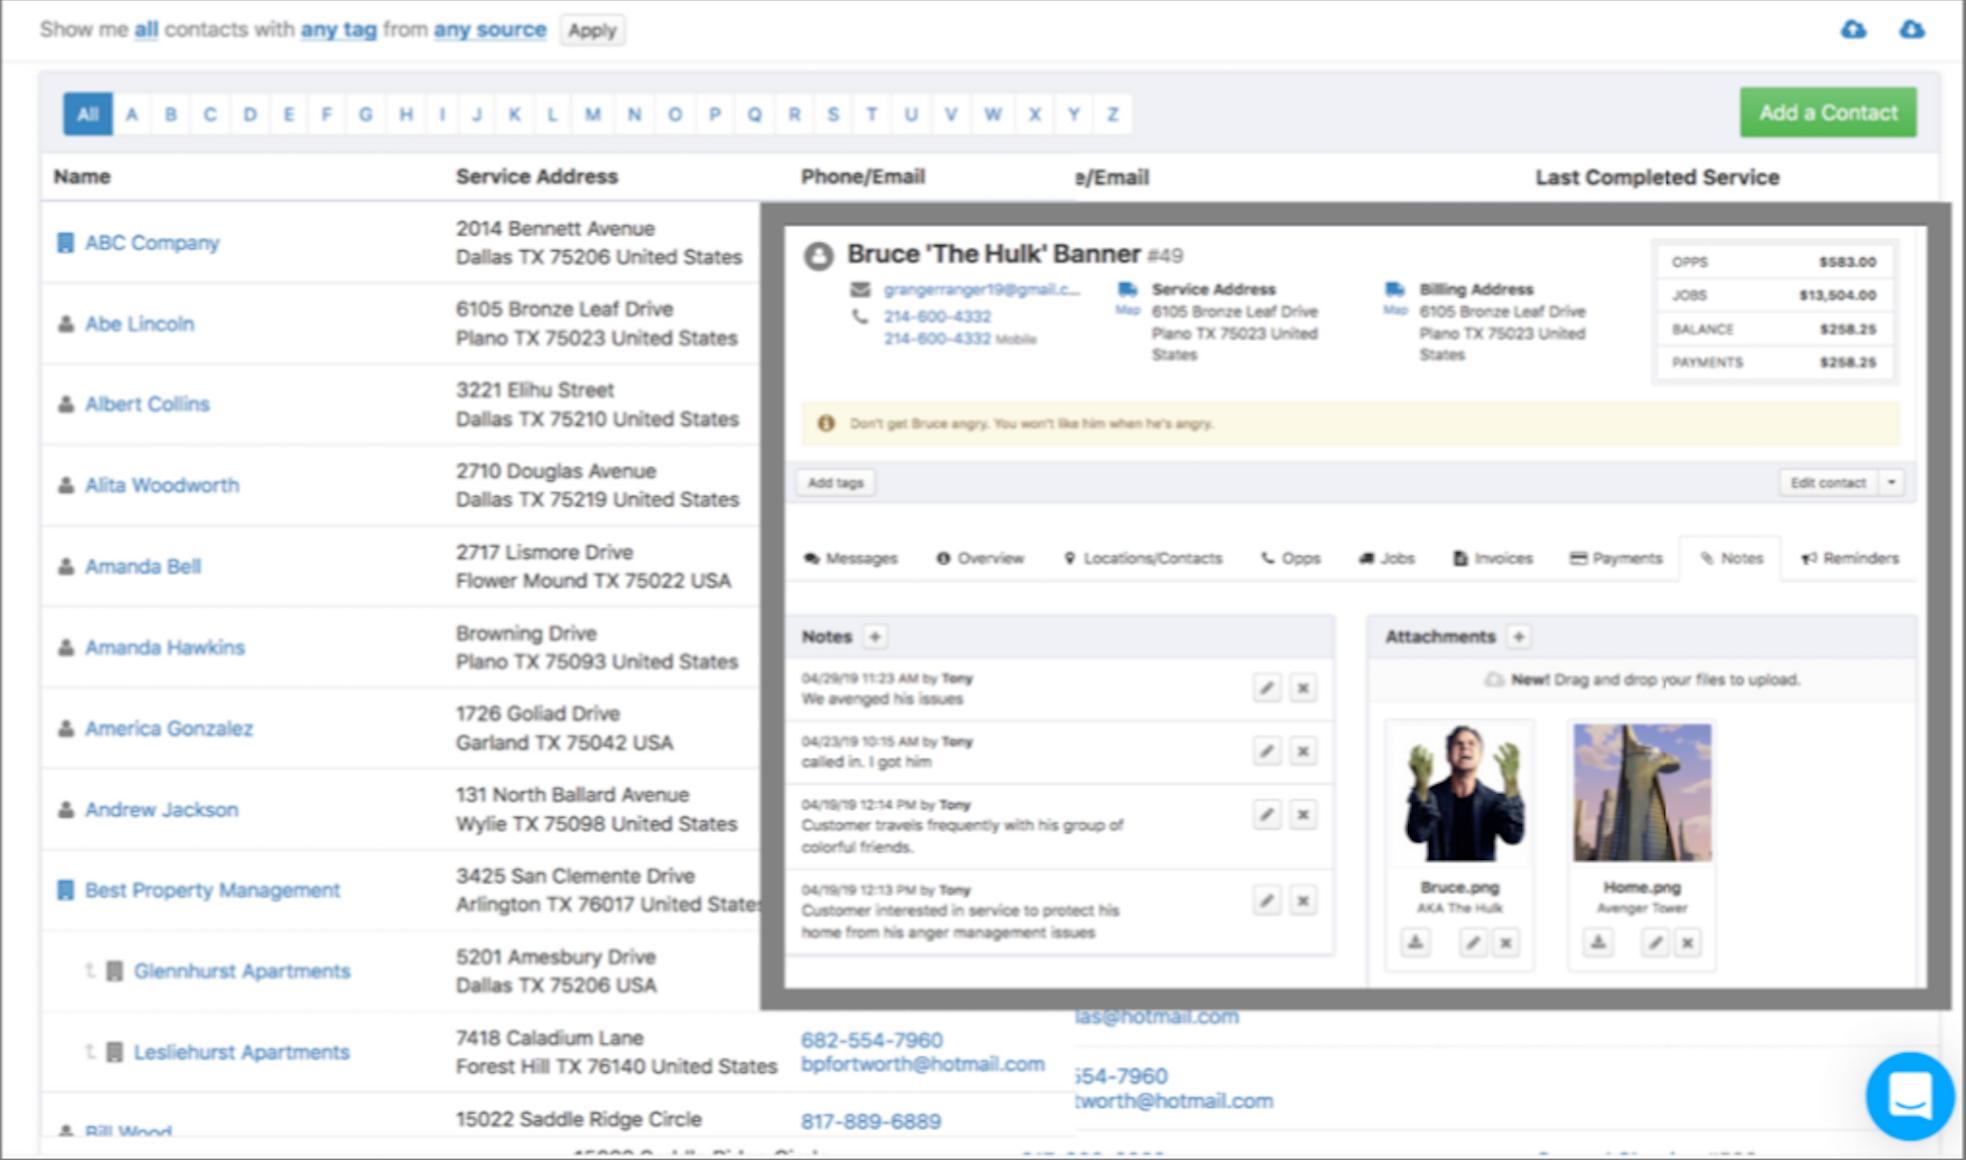 Kickserv Software - Customer management
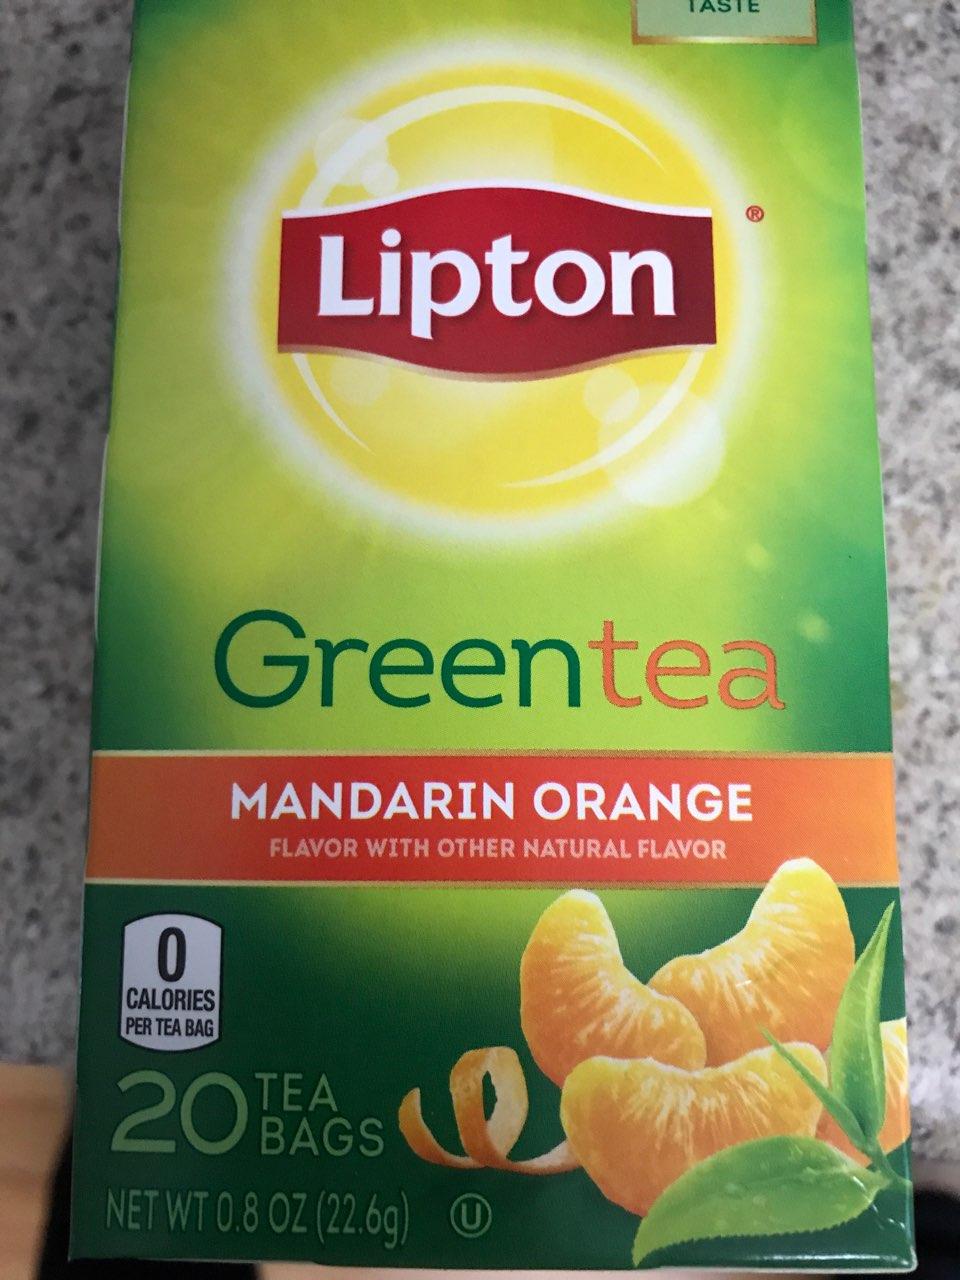 Lipton Green Tea, Mandarin, Orange, 20
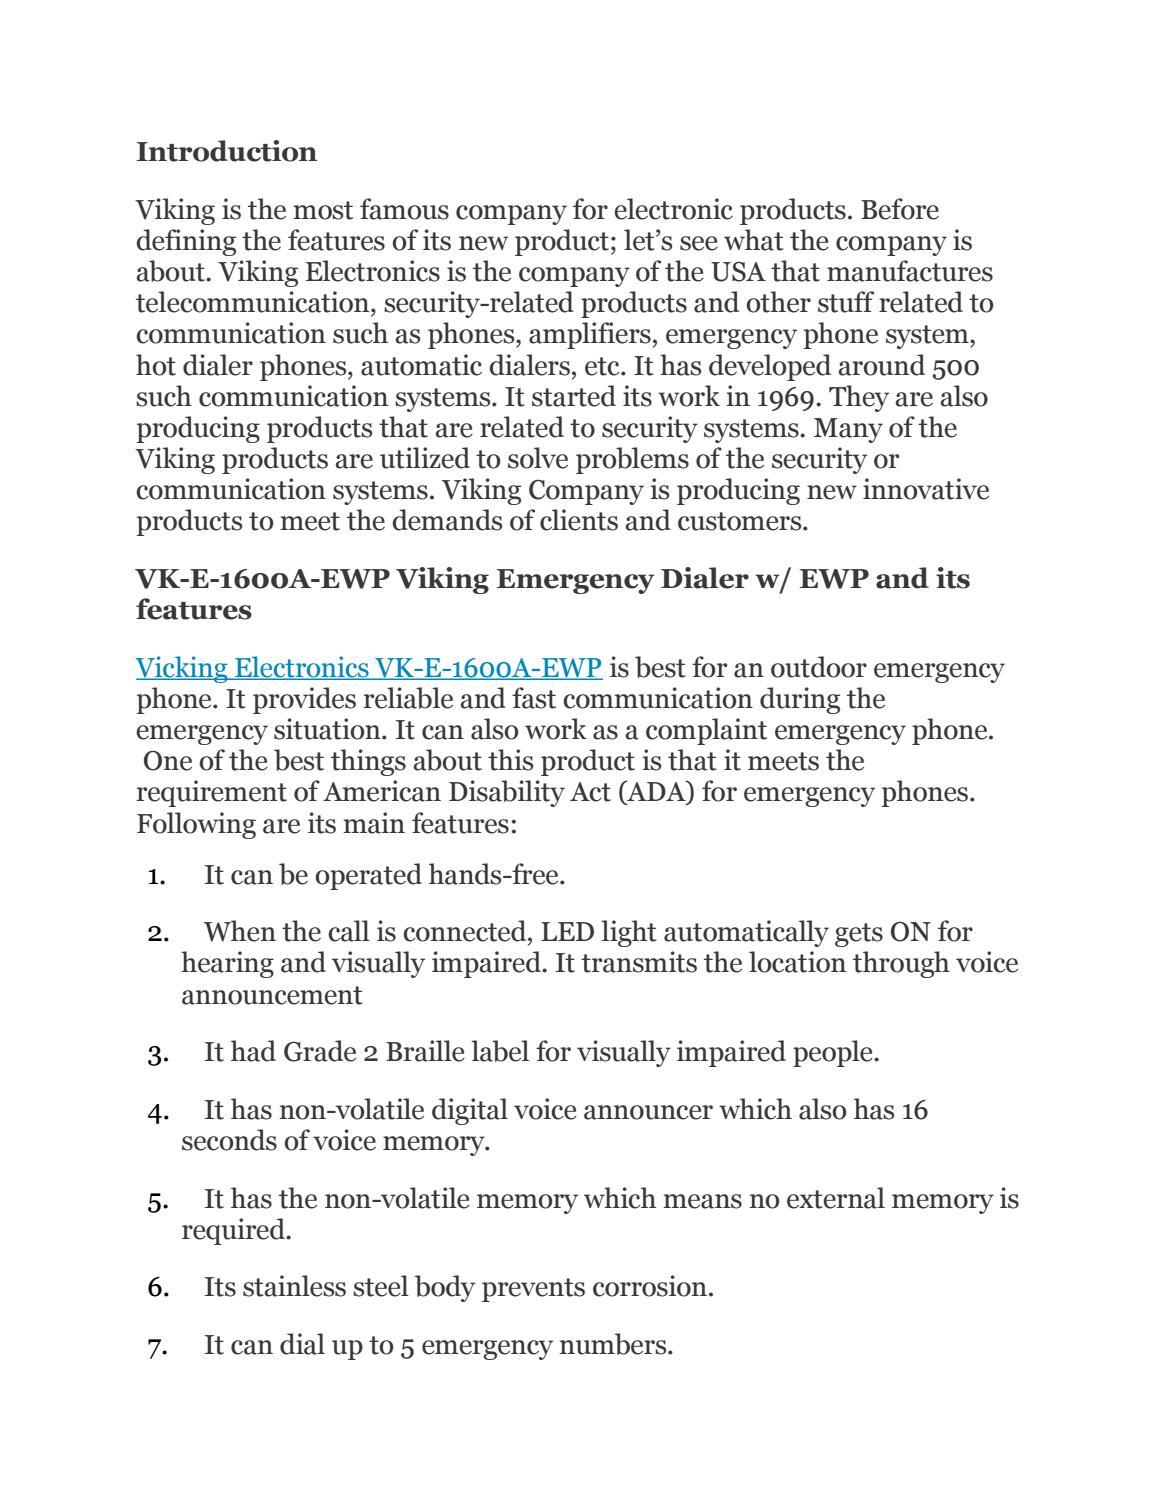 Vicking electronics vk e 1600a ewp by Go Headsets - issuu
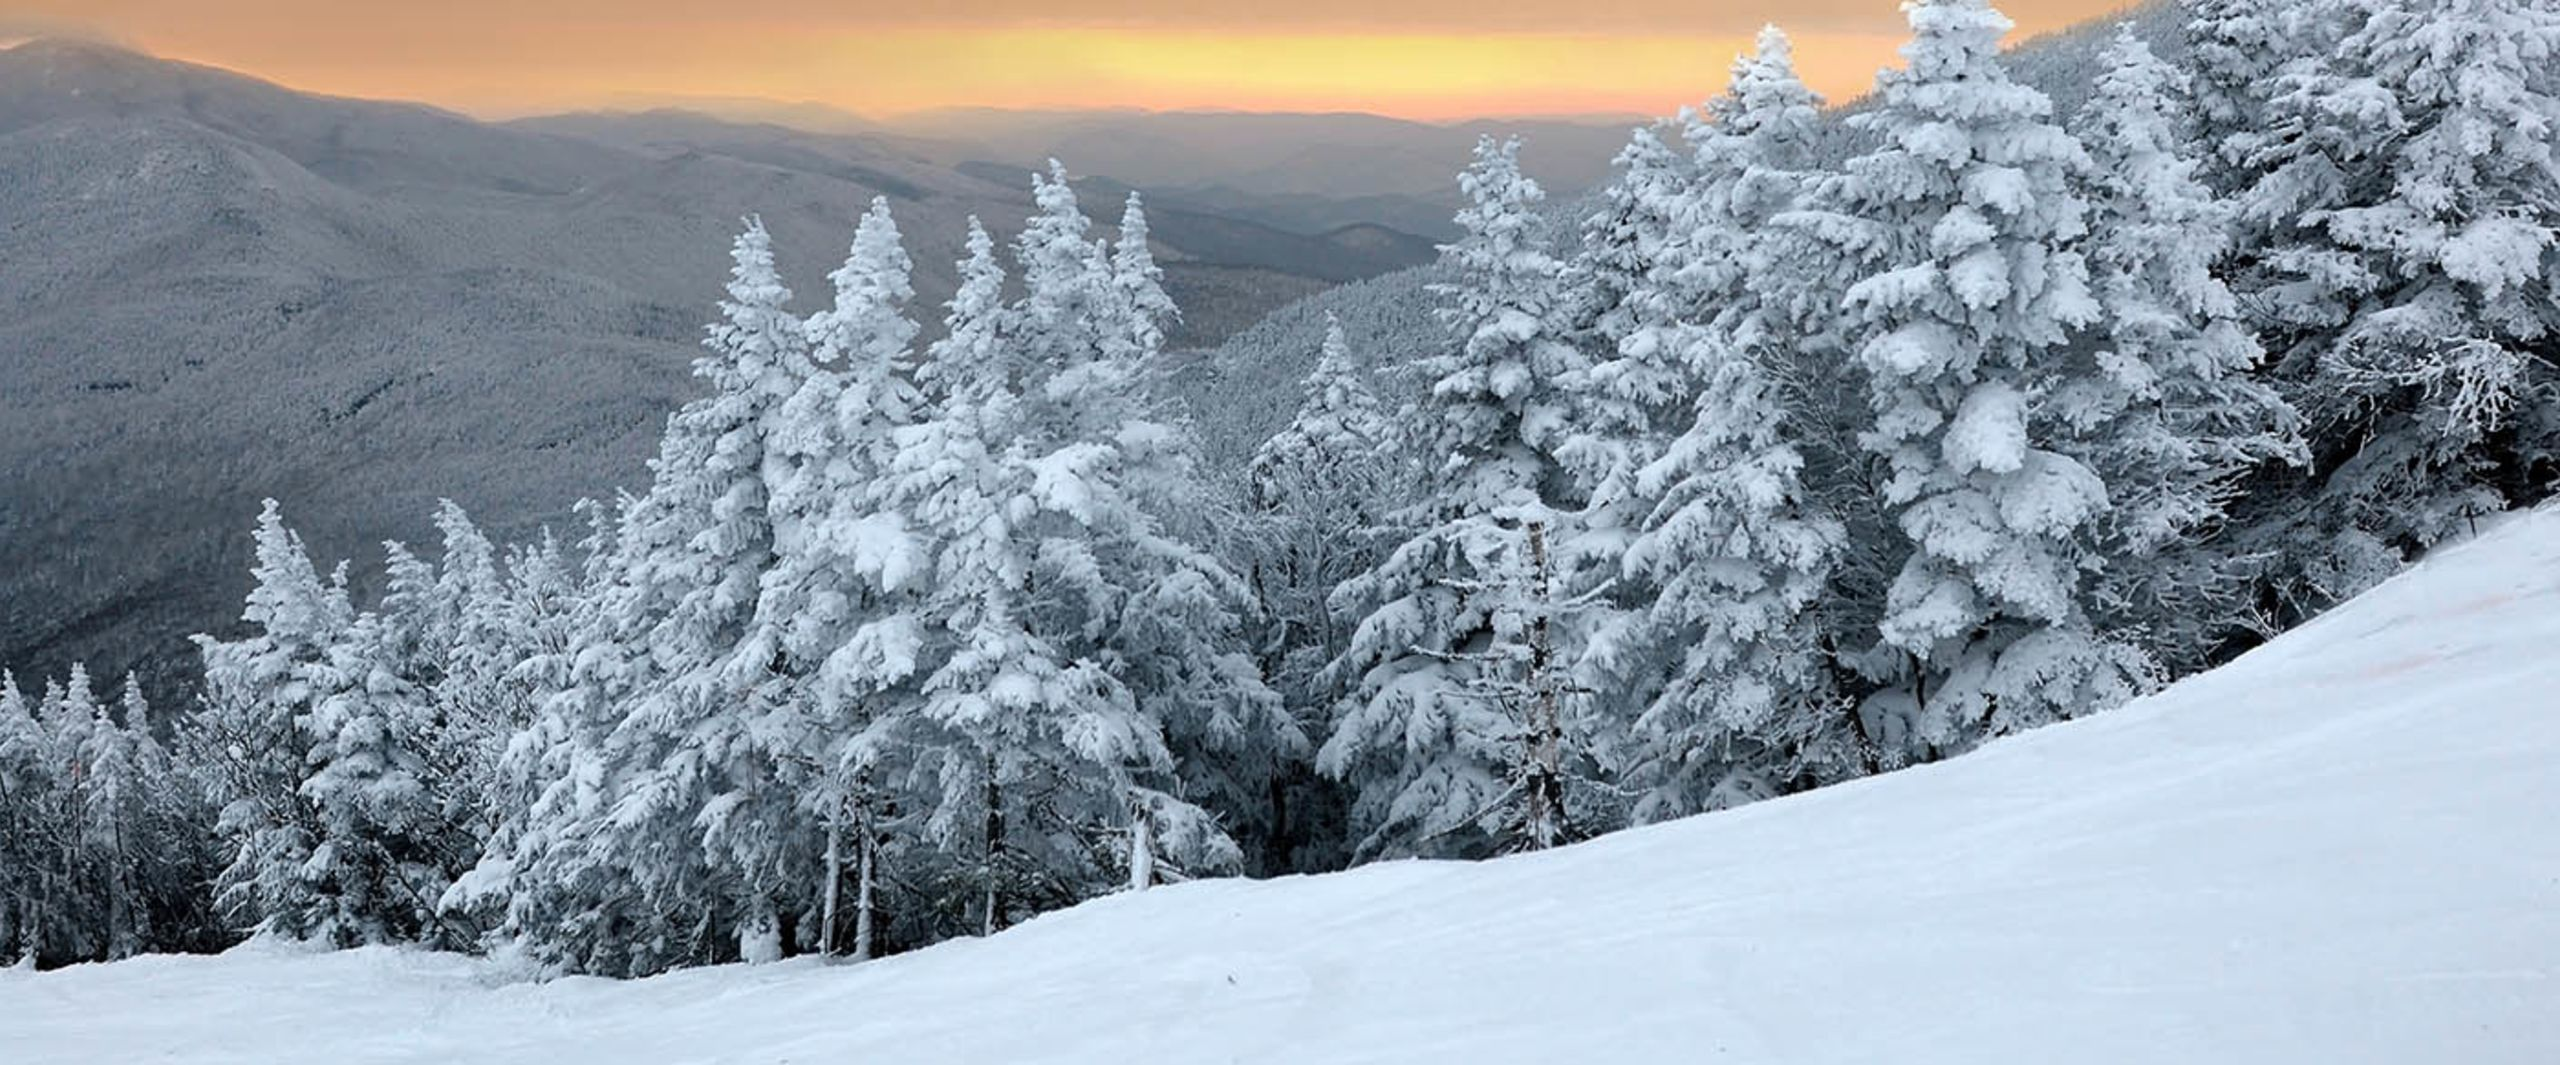 Peaceful Winter Views

------------------------------------------------------------

What the task needs is the material above repeated exactly, pictures excepted.

 Kickserv Software - Customer management
 Lipton Green Tea, Mandarin, Orange, 20
 Vicking electronics vk e 1600a ewp by Go Headsets - issuu
 Peaceful Winter Views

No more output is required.